Про маленькую Катеньку (из воспоминаний бабушки).

Публикация Павла Иванова-Остославского

Е.Н.ЩИРОВСКАЯ

ПРО МАЛЕНЬКУЮ КАТЕНЬКУ
(из воспоминаний бабушки)

Свою бабушку, Екатерину Васильевну Озерову внуки называли стран­ным именем Граменька. Произошло это имя от французского grand-maman- у детей оно сначала звучало просто Тра-ма, а со временем превратилось в ласковое Граменька - милая, добрая, любимая наша Граменька.
Вот она утром одевается в репсовое, когда-то «комильфо», теперь кое-где потертое черное платье с плиссировкой у застежки и на рукавах, с затейли­выми пуговками из сутажа. Аккуратно, тщательно причесывает свои белые, седые волосы, закалывает спереди маленькой гребеночкой, сзади шпильками.
В нелепой, разоренной, выбитой из колеи жизни, среди реквизиций, раз­рухи, гражданской войны она умела не терять достоинства.
Когда мы были маленькие, она часто читала нам вслух. Читала хорошо, но в трогательных местах голос ее начинал дрожать и прерываться, на глазах выступали слезы и она, точно сама себя осуждая, снимала пенсне, качала голо­вой и платком вытирала глаза.
Но лучше всего Граменька рассказывала. У нее был дар рассказчика. Никогда никого в лицах она не изображала, но ее рассказы я до сих пор помню зримо, будто все это видела сама.

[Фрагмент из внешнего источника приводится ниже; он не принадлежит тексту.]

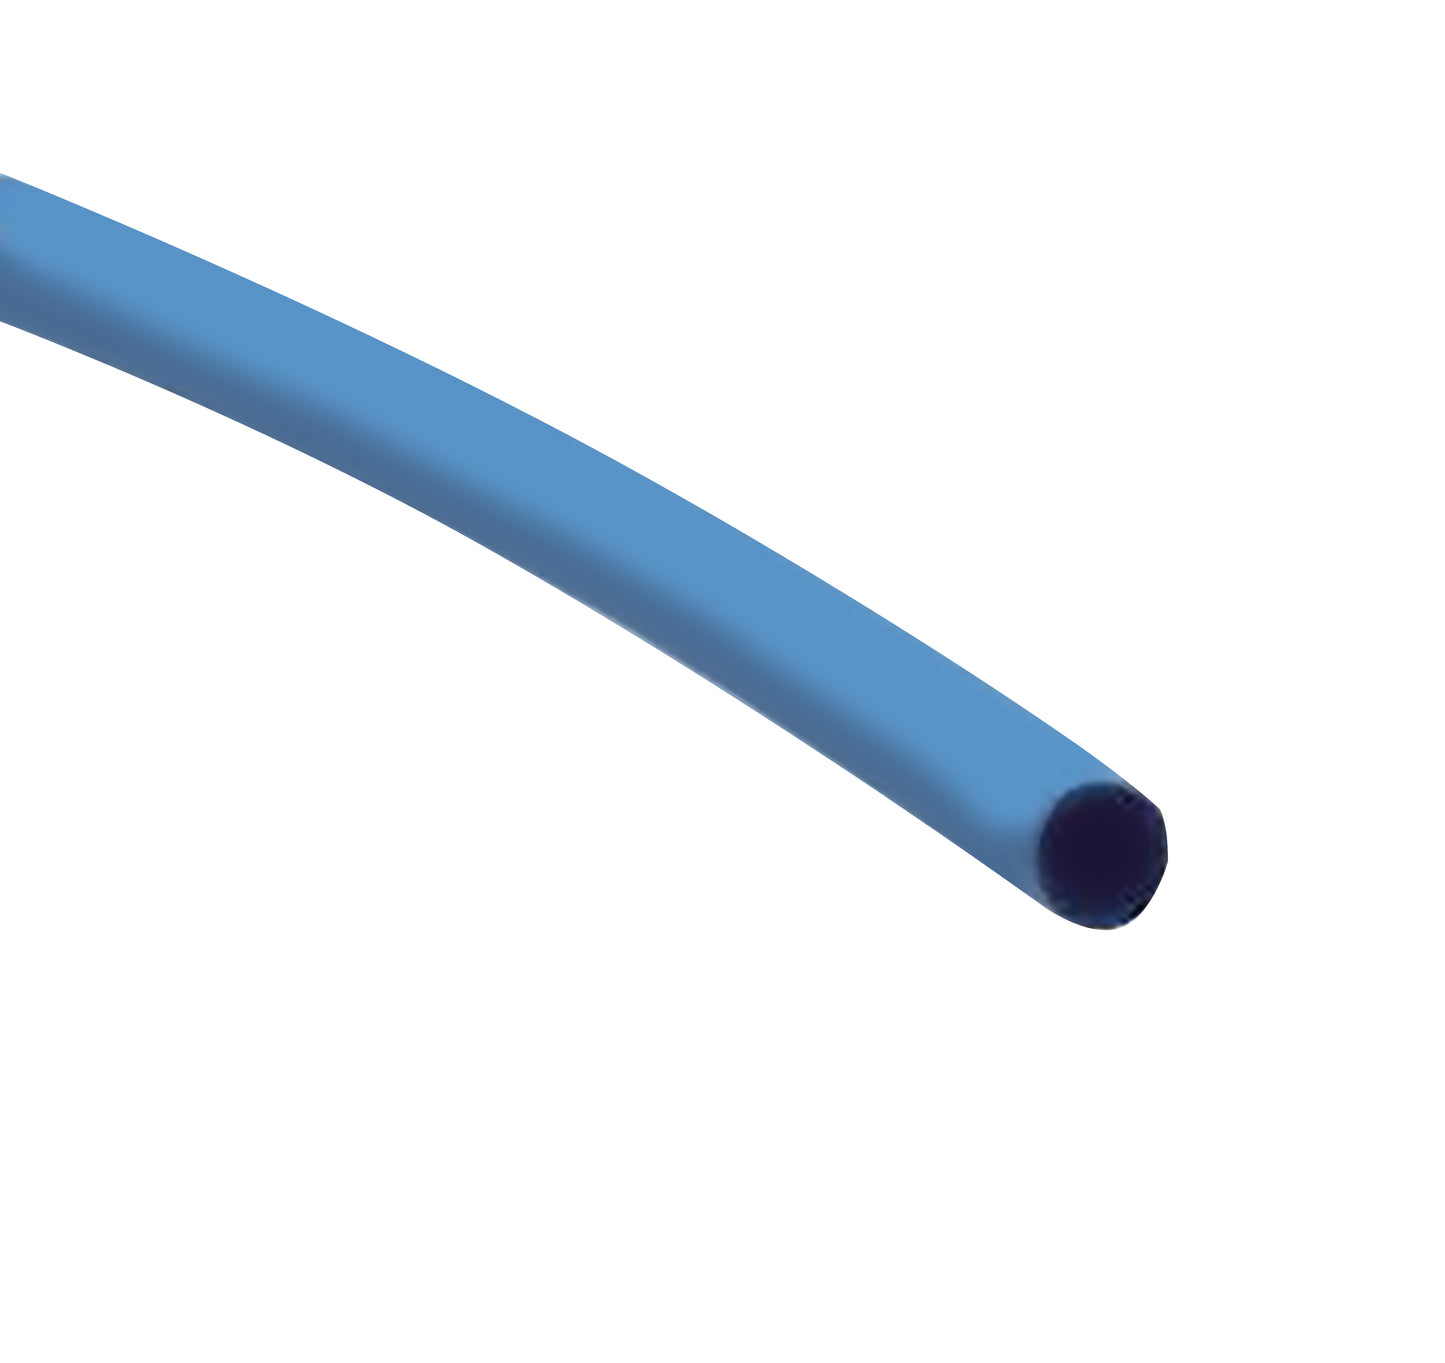 Flexible Thin Single Wall Non-Adhesive Heat Shrink Tubing 2:1 Blue 1/4" ID - 25' Ft Spool

Граменька была очень религиозна. Все, что написано в Евангелии было для нее непререкаемой истинно (хотя был б доме и Ренан, которого она иногда читала). Она рассказывала нам о Христе настолько поэтично и взволнованно, что этот рассказ навсегда остался в памяти возвышенным и недоступным для насмешек и острот.
Очень любили мы рассказ о ее далеком детстве. «Расскажи о Маленькой Катеньке» - просили мы и вместе с ней мысленно переносились в далекую Казань середины XIX века, в нехитрые ее радости и забавы.

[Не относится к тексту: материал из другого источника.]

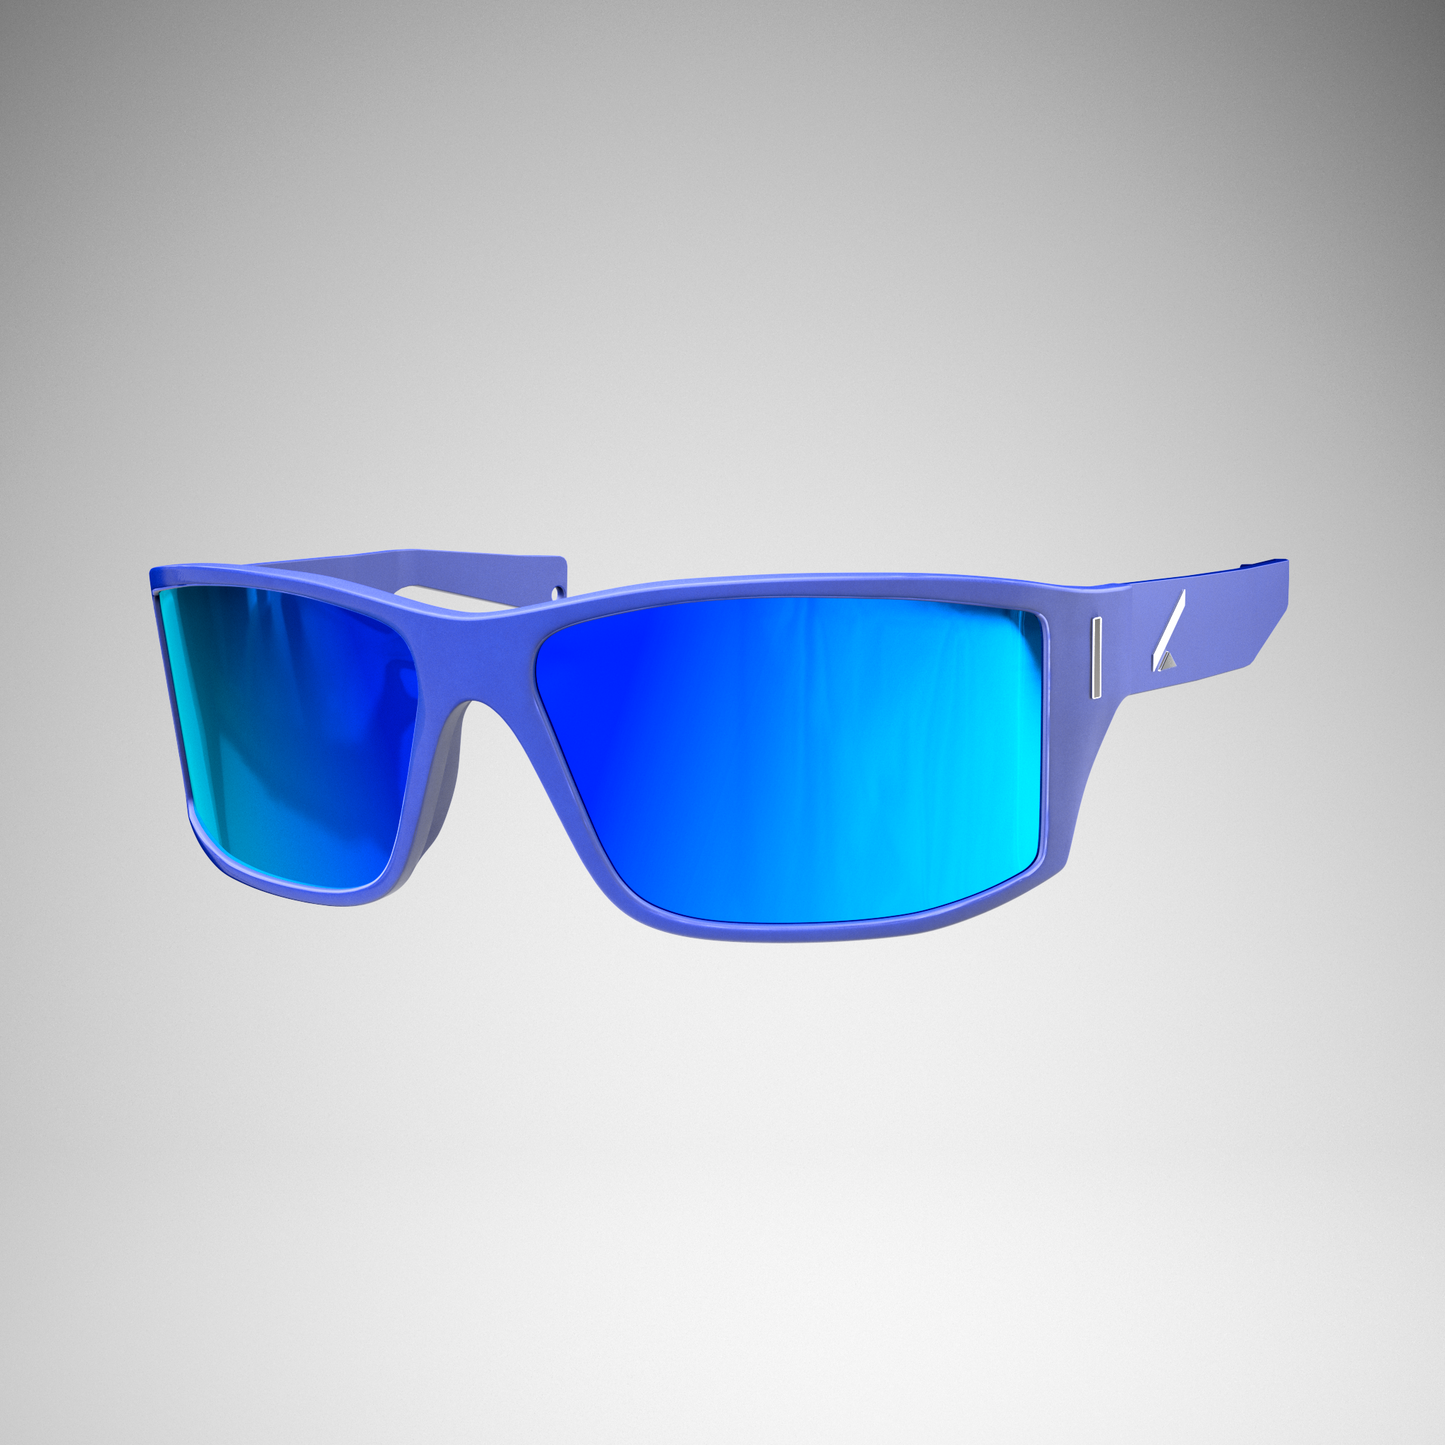 LEVAR Optical Sunglasses

Все, записанное мною по памяти - очень слабое и бледное отражение некоторых рассказов Граменьки - таких ярких в ее изложении.

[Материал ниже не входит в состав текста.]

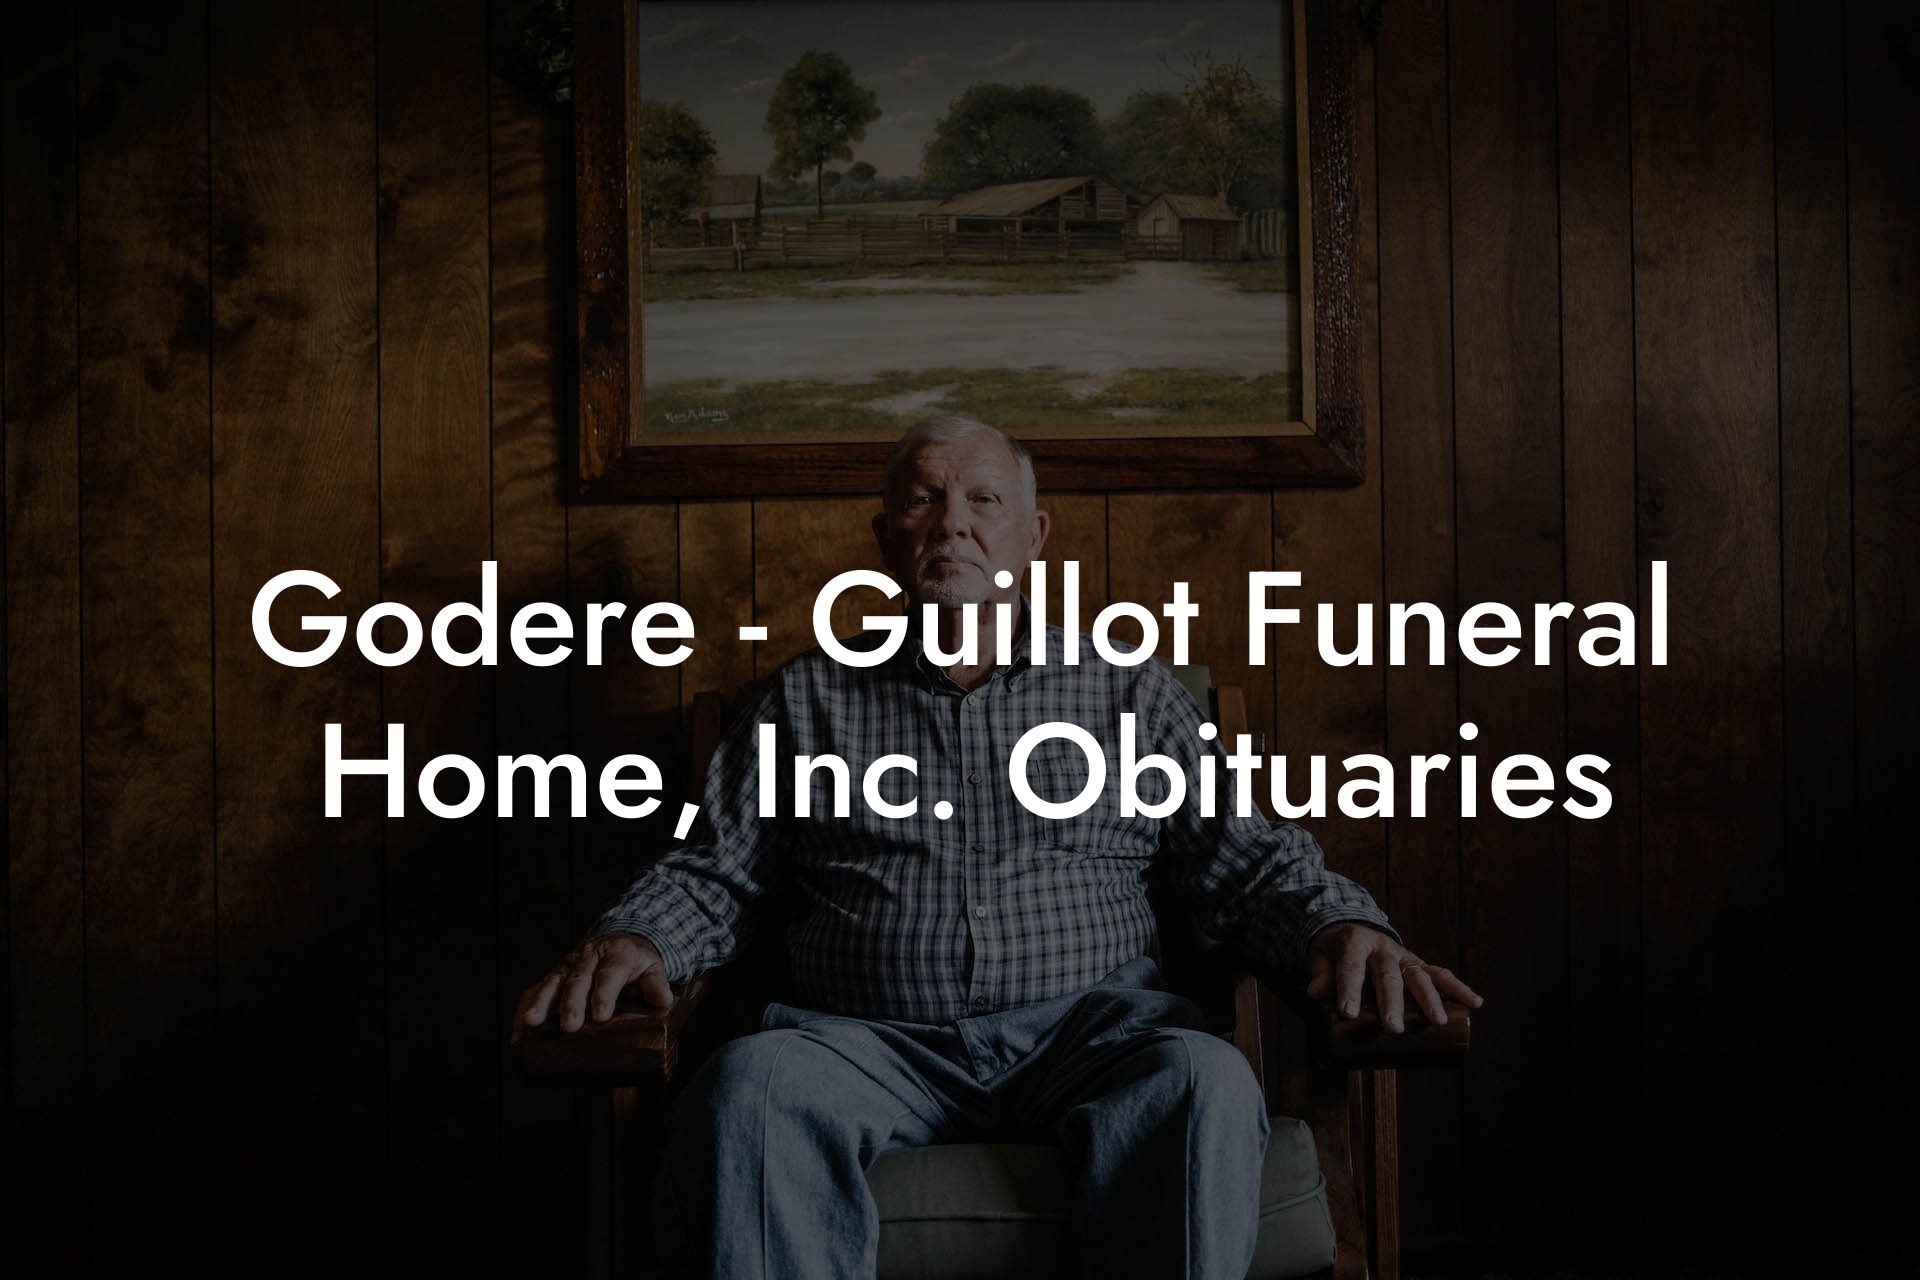 Godere - Guillot Funeral Home, Inc. Obituaries

В семье Чемесовых (девичья фамилия Екатерины Васильевны) было четверо детей - два мальчика Коля и Володя, сестра Саша и самая младшая Катя. Родилась она в день страшного пожара, который уничто­жил чуть ли не половину Казани. Маменька с детьми, девушки и вообще дворовые, сложив наиболее ценные вещи, выбрались из дома в сад, во флигель, где и родилась маленькая Катя. Пожар не дошел до дома - сад, огромный и густой, остановил пламя. Потом, старшие братья дразнили Катеньку, уверяя, что нашли ее в угольках, потому она смуглая, черно­глазая и заставляли мыть с мылом глаза - отмывать сажу.
Самым близким ей человеком была няня - татарка. Она звала Катю «Душарка», и Катенька няню так называла, поэтому я не знаю ее имени. Была Душарка когда-то замужем, овдовела, был у нее сын Миша хороший сапожник, но пьяница. Жил он где-то в городе, но иногда при­ходил проведать мать и, кстати, попросить у нее денег на выпивку.
Катенька жила в одной комнате с Душаркой. У няни была пыш­ная кровать с периной, большими подушками и красивым покрывалом. Сундук, обклеенный внутри на крышке картинками, вырезанными из оберток от чая - с китайцами, и от мыла - с красавицами. Все картинки были яркие, и Катеньке нравилось, когда Душарка открывала свой сун­дук. Крышка мелодично звенела и пахло в сундуке особенно и хорошо. Душарка перекладывала вещи и это тоже было очень интересно. В от­дельном ящичке были деньги, из которых она давала Мише, а сверху для Катеньки почти всегда лежал пряник.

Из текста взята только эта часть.